The statists try to destroy anything that challenges their power; especially the family, they promote perversion, contempt for morality, they promote violence and try to cause acrimony between the sexes, because all of this leads to people becoming more dependent on the state as the family is pulled apart and social cooperation and morality decline, by giving it more power to solve the problems they think are beyond of their control.
   Statist politics destroys human trust and kills even the possibility of justice within a country. They twist every good inclination in people to serve the most horrendous evil.
   If evil is embodied in anything in this world it is the political-state, which employs slavery, theft, murder, terrorism and perversion of everything that is inclined toward good into serving evil, while stigmatizing that which is truly good by branding dissenters who desire real freedom and justice as extremists.

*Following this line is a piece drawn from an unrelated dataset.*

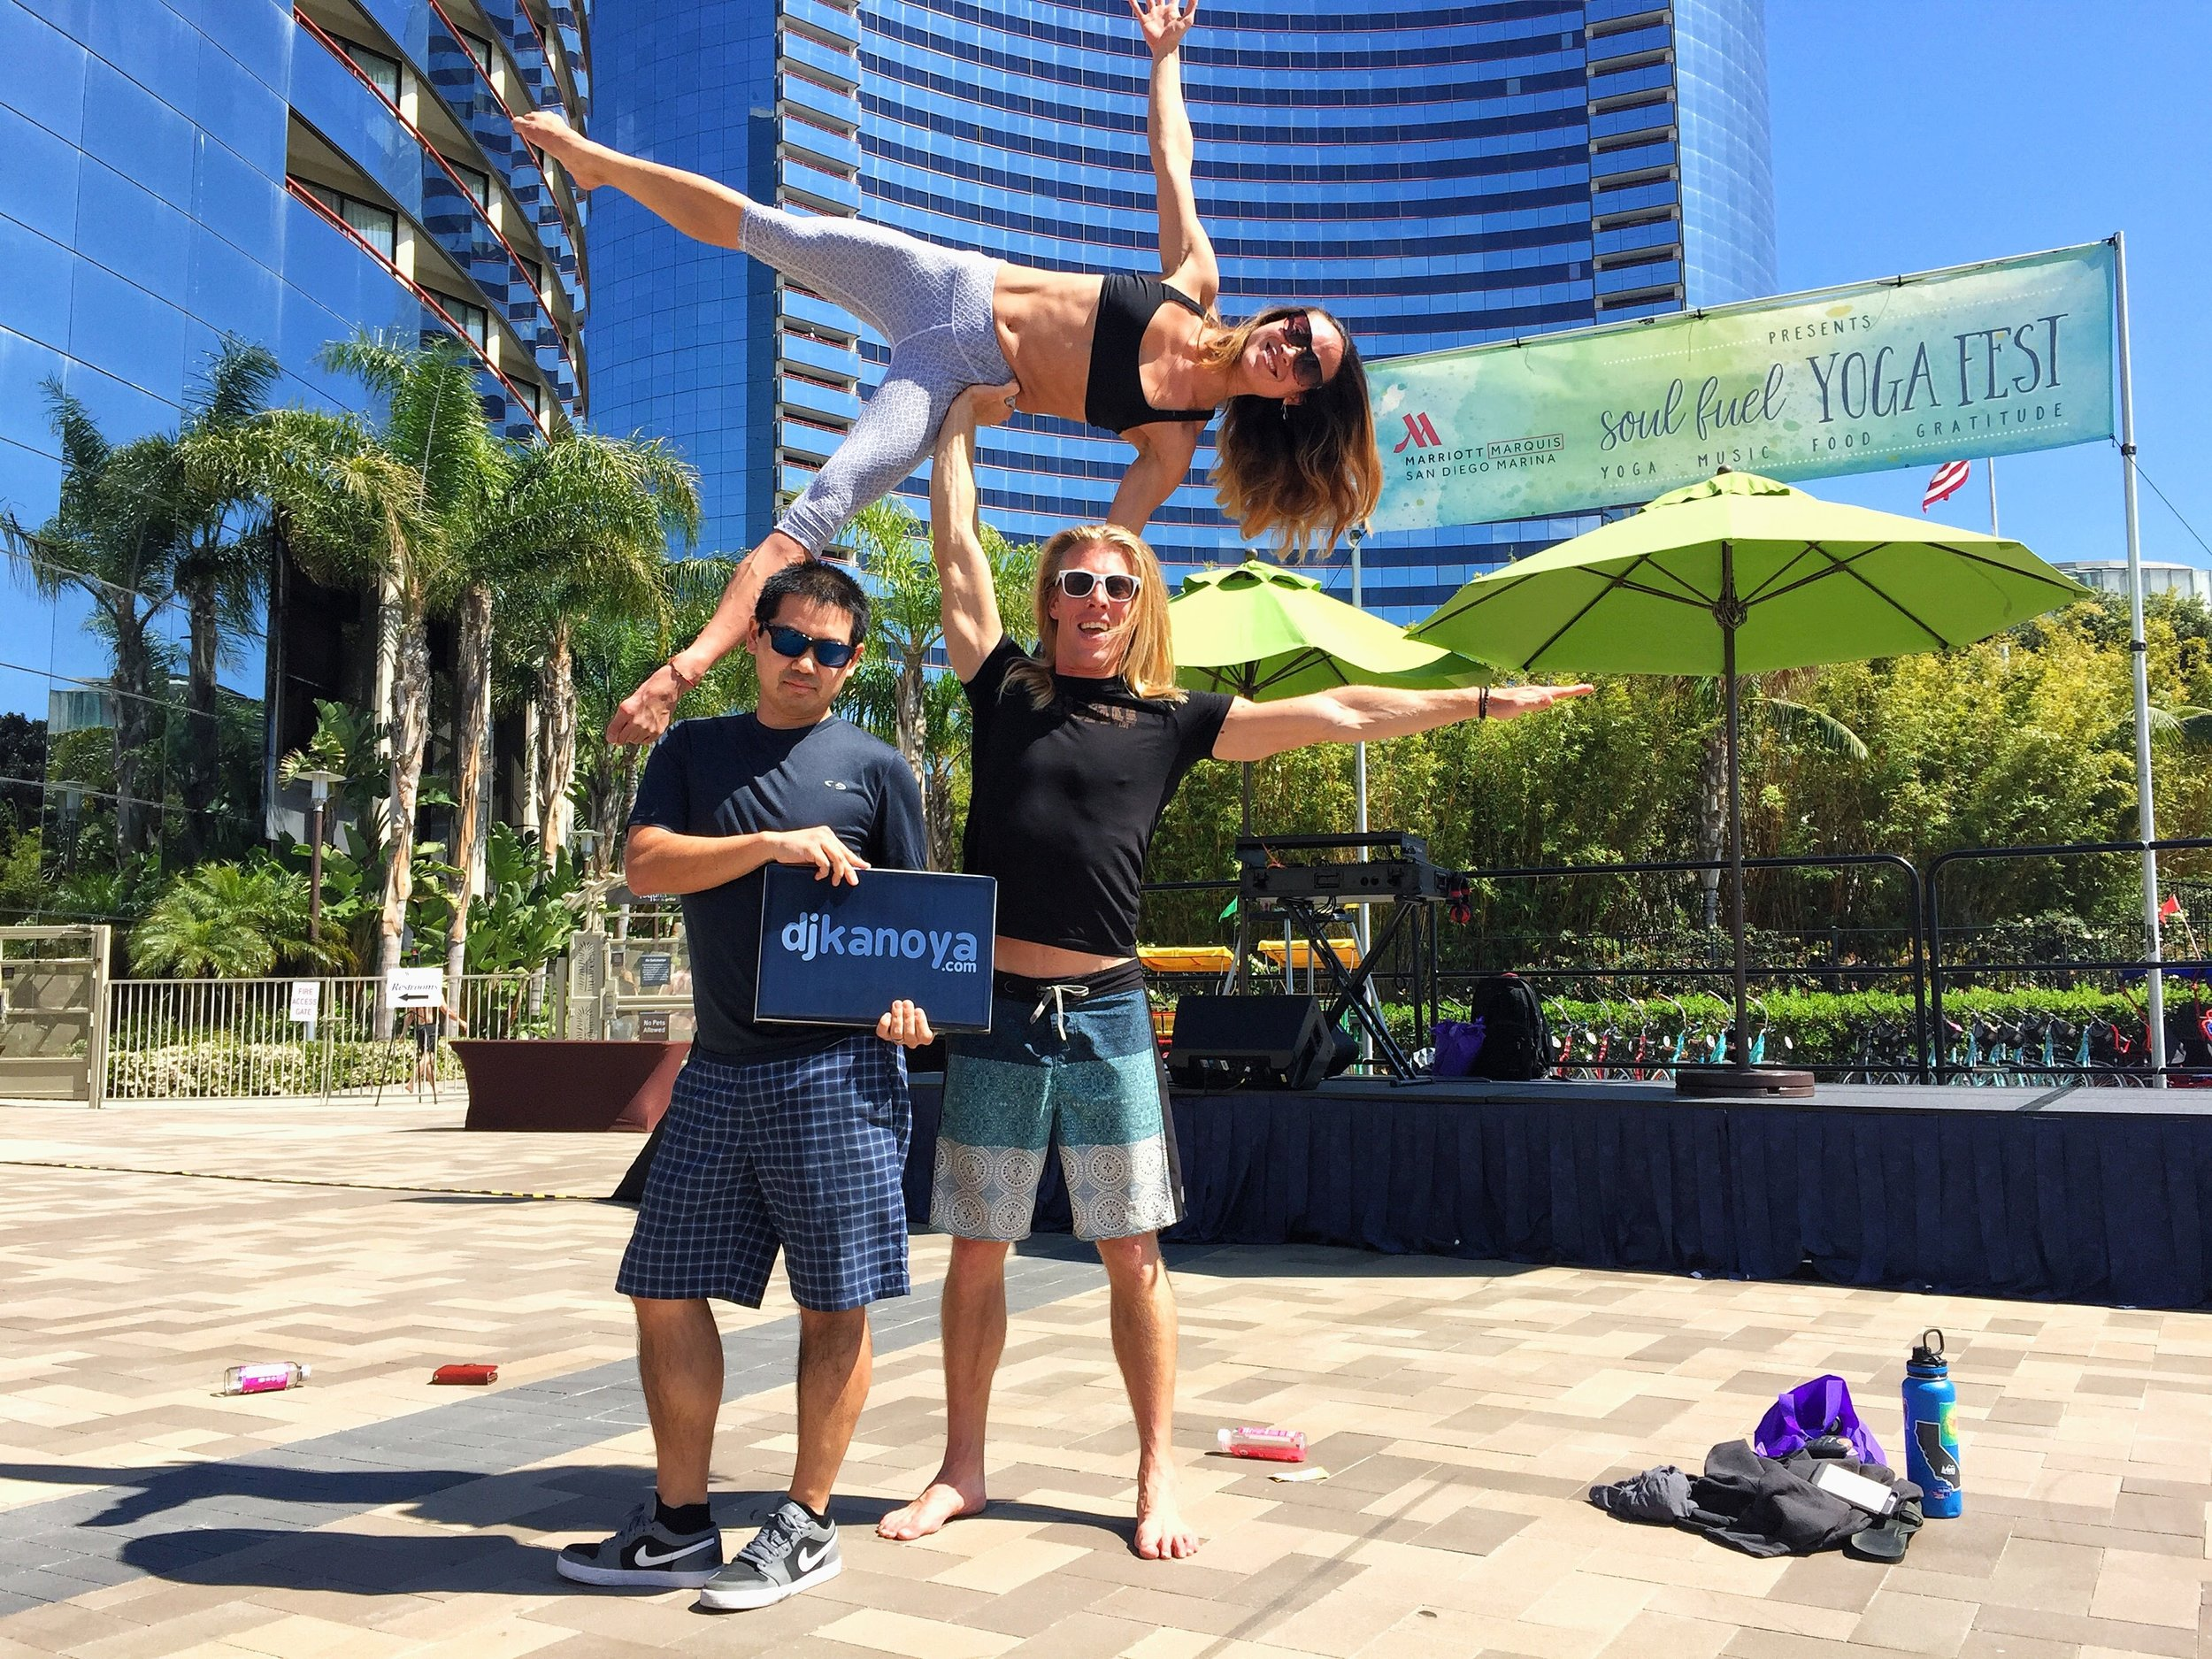 San Diego yoga DJ justin Kanoya poses with acroyoga performers Steven Cumming and Gina Shiotani at the Soul Fuel Yoga Fest.

The state is entrenched in materialism till, in that philosophy, the only thing that is good or justifiable, according to their standards, is what serves the compelling interest of the state, this is the inherent evil of total materialism, where natural human rights are sacrificed to the idolatry of an institution.
   The state's political system is illegitimate because it is the practice of the idea of might makes right, rule by violent force; theft, coercion, terrorism, slavery, that is not a illegitimate system of government, anybody who claims it is and actually believes it, is an ignorant savage that is not capable of living responsibility with decent human beings.
   They will resort to theft and violence to get what they want, they will use violence against anyone who tries to prevent them from successfully robbing people and forcing them to serve their interests. The political system creates an imposed order that serves the selfish interest of its rulers and special interest groups.
   The statists teach evil incarnate and cover it up with high sounding ideas and instill a reverence for their institutions and power, true evil is that which hates goodness, virtue and justice and falsely assumes the mask of those virtues to do wickedness.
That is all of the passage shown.